- _The problem_:
Output, word for word and without pictures, the lines from the one containing "警官付与献身自転車用シート、" through the final line of the listing below.

- _Collected material_:
--

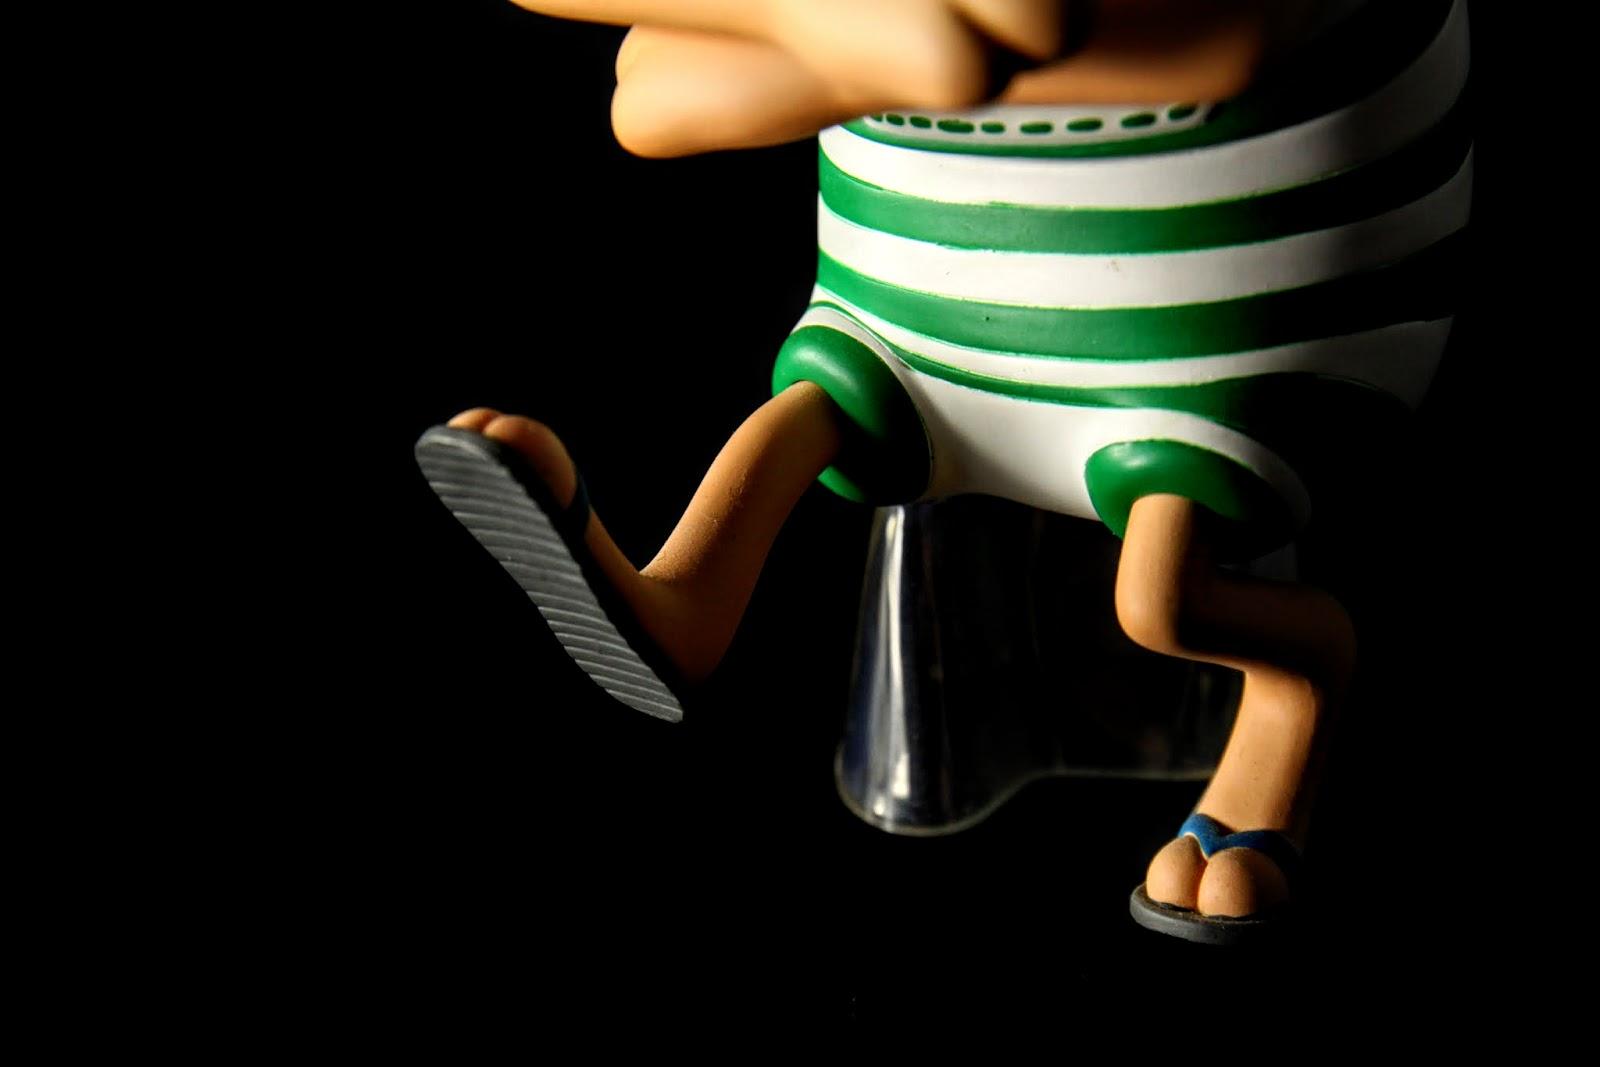 不要吝嗇你的腰力與膝蓋, 奮力地彎下去及踢出去吧!
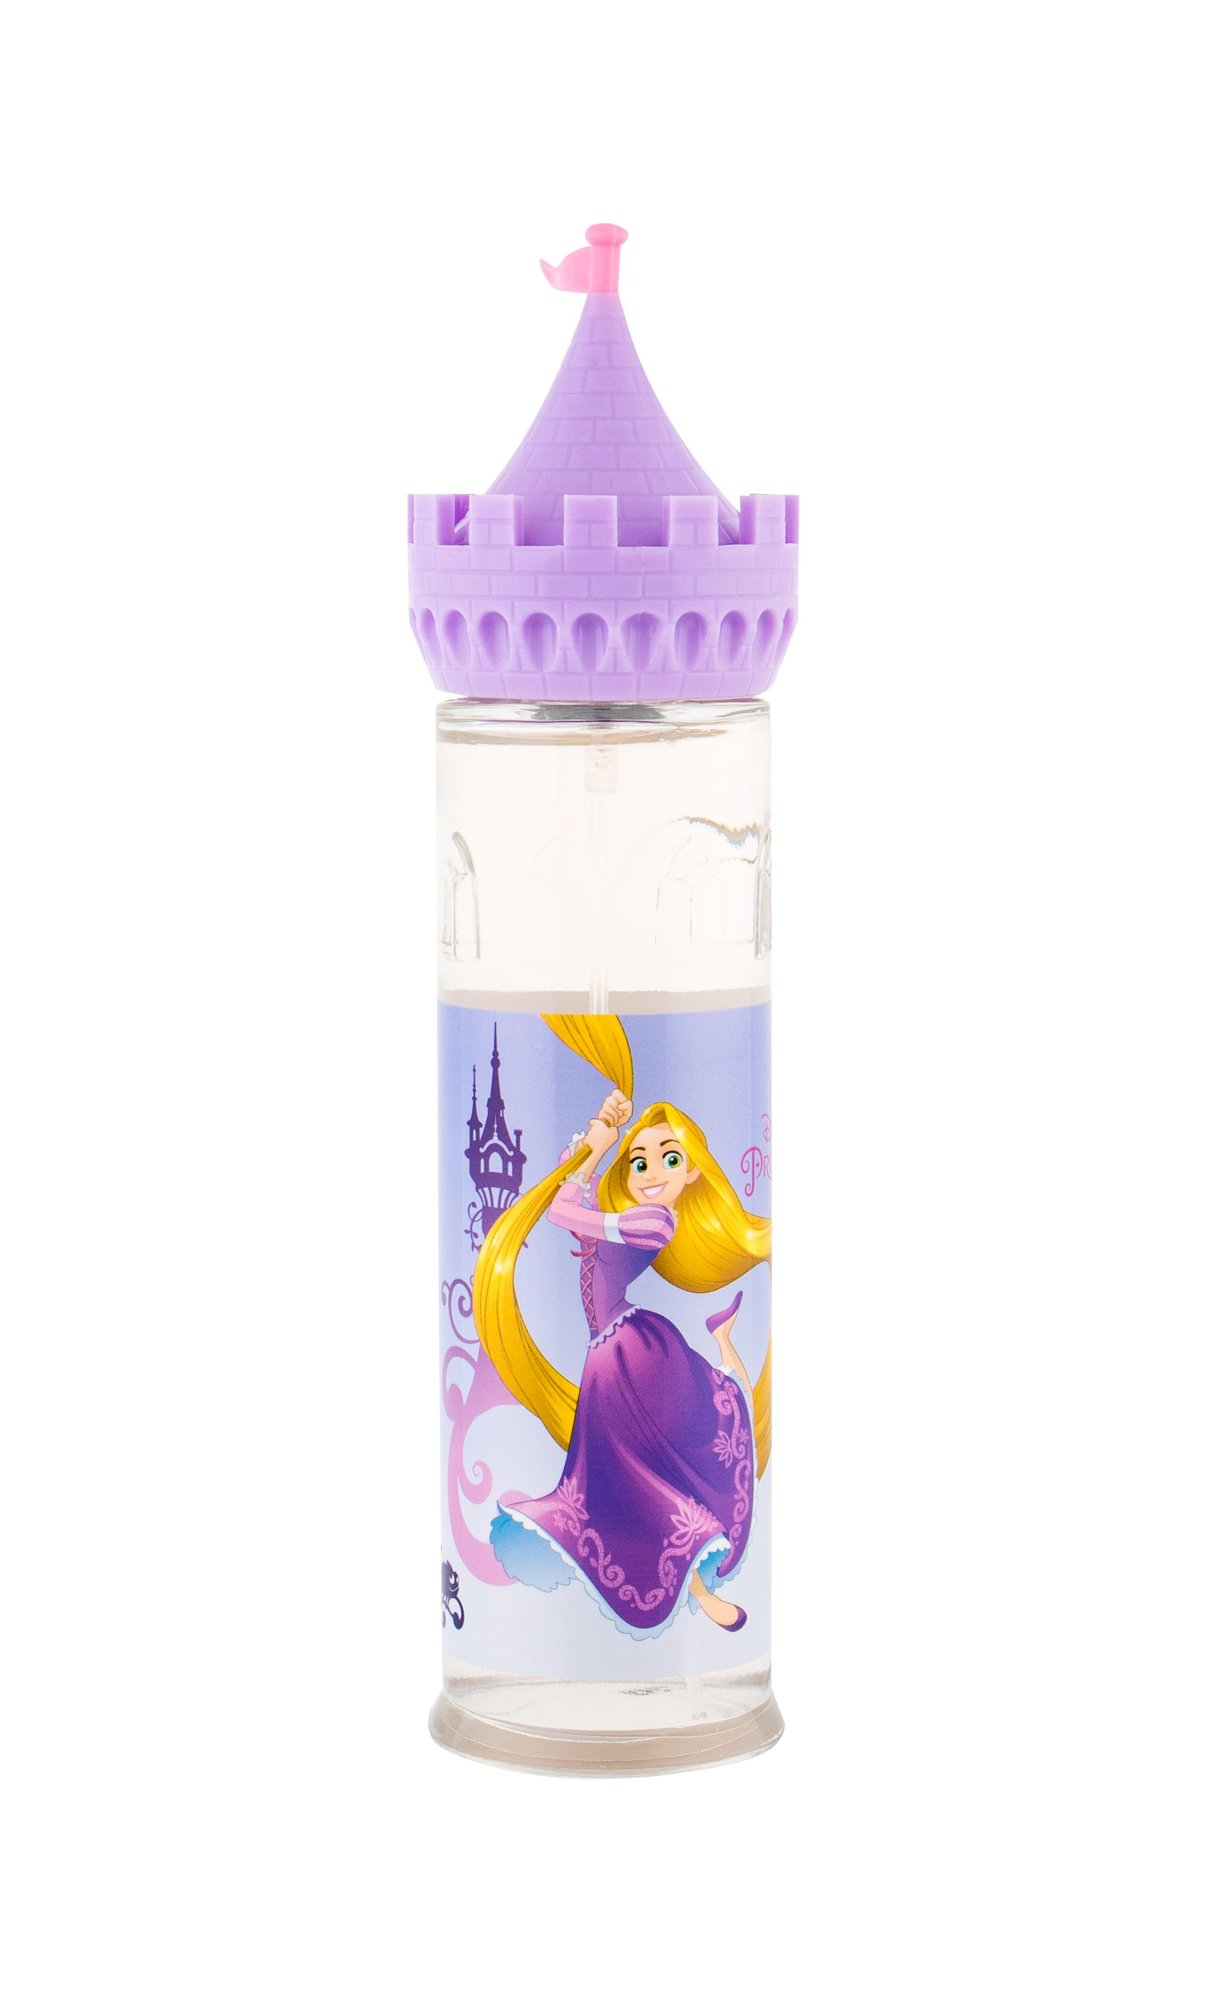 Disney Princess Rapunzel Eau de Toilette 100ml
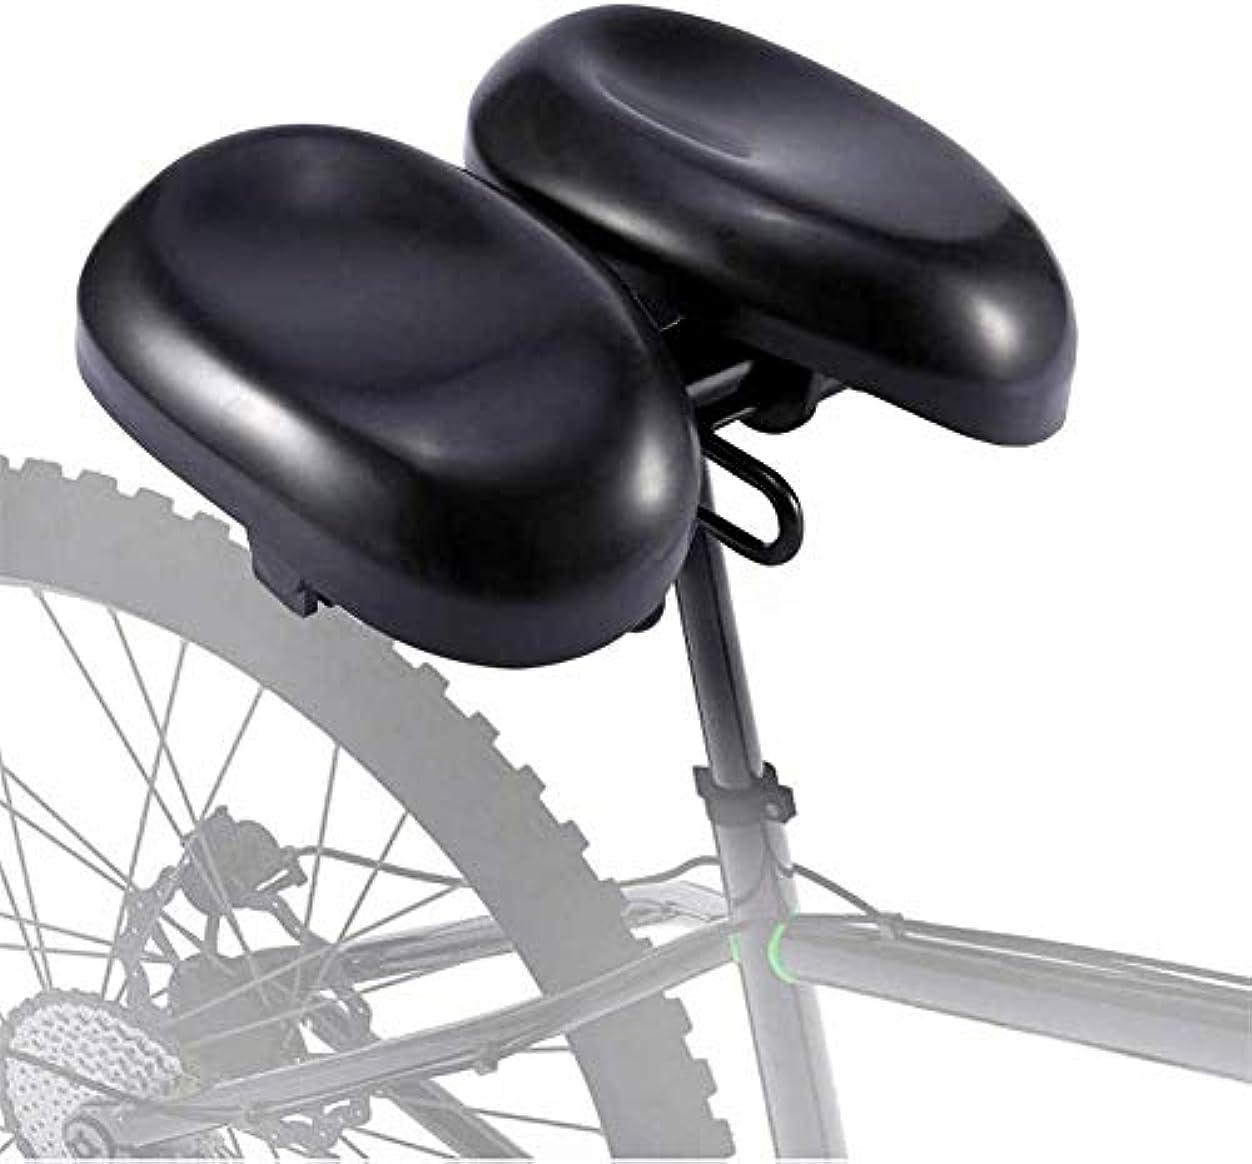 警官付与献身自転車用シート、人間工学に基づいたソフトデュアルパッド自転車サドルクッションノーズレス、男性用と女性用幅調節可能8.6?9.8インチ
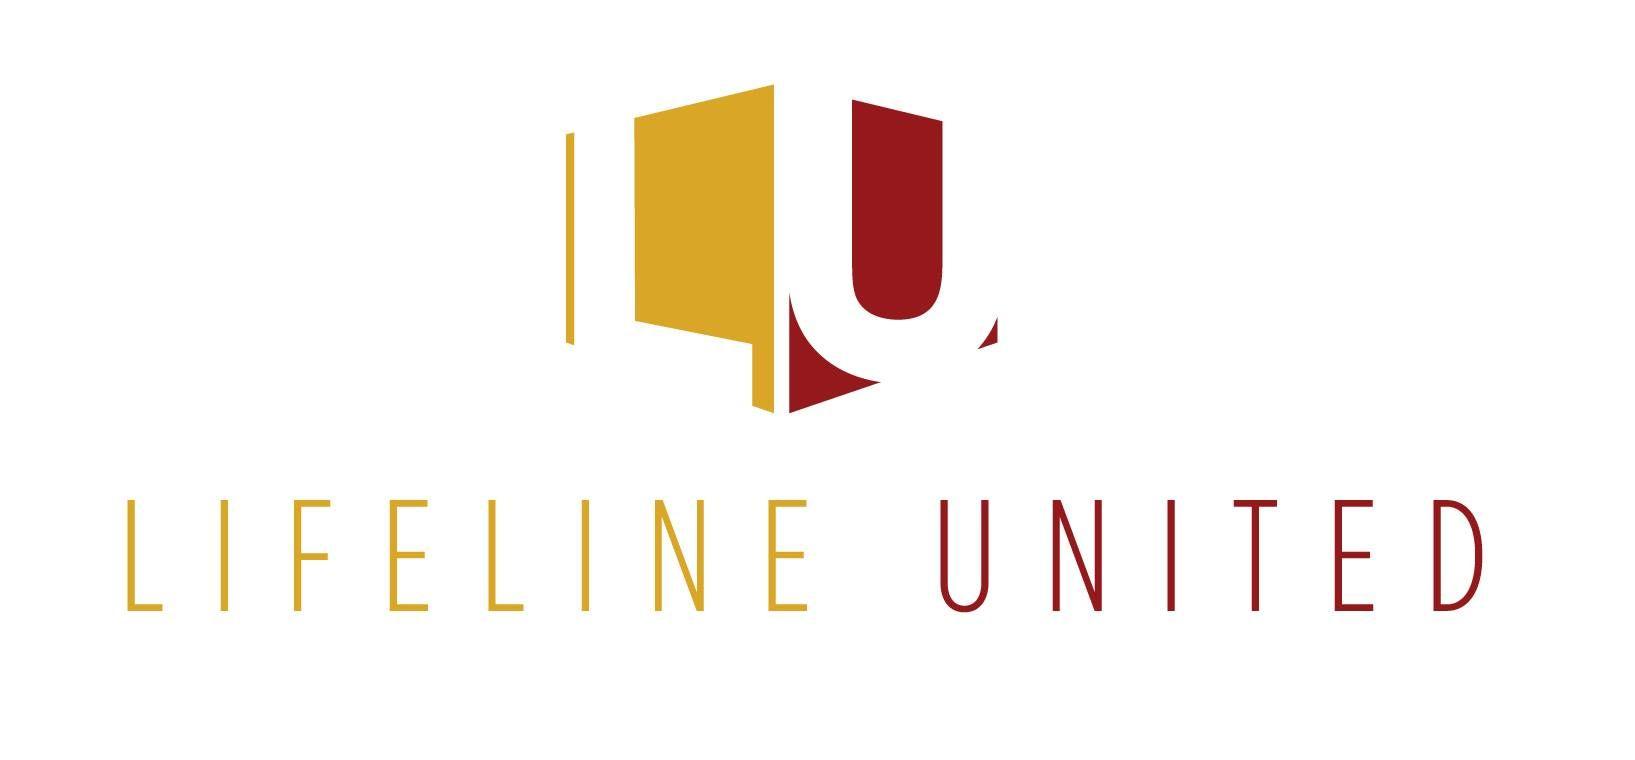 Lifeline United Healthcare Solutions Ltd

--

- _Solution for this exercise_:
 警官付与献身自転車用シート、人間工学に基づいたソフトデュアルパッド自転車サドルクッションノーズレス、男性用と女性用幅調節可能8.6?9.8インチ
 Lifeline United Healthcare Solutions Ltd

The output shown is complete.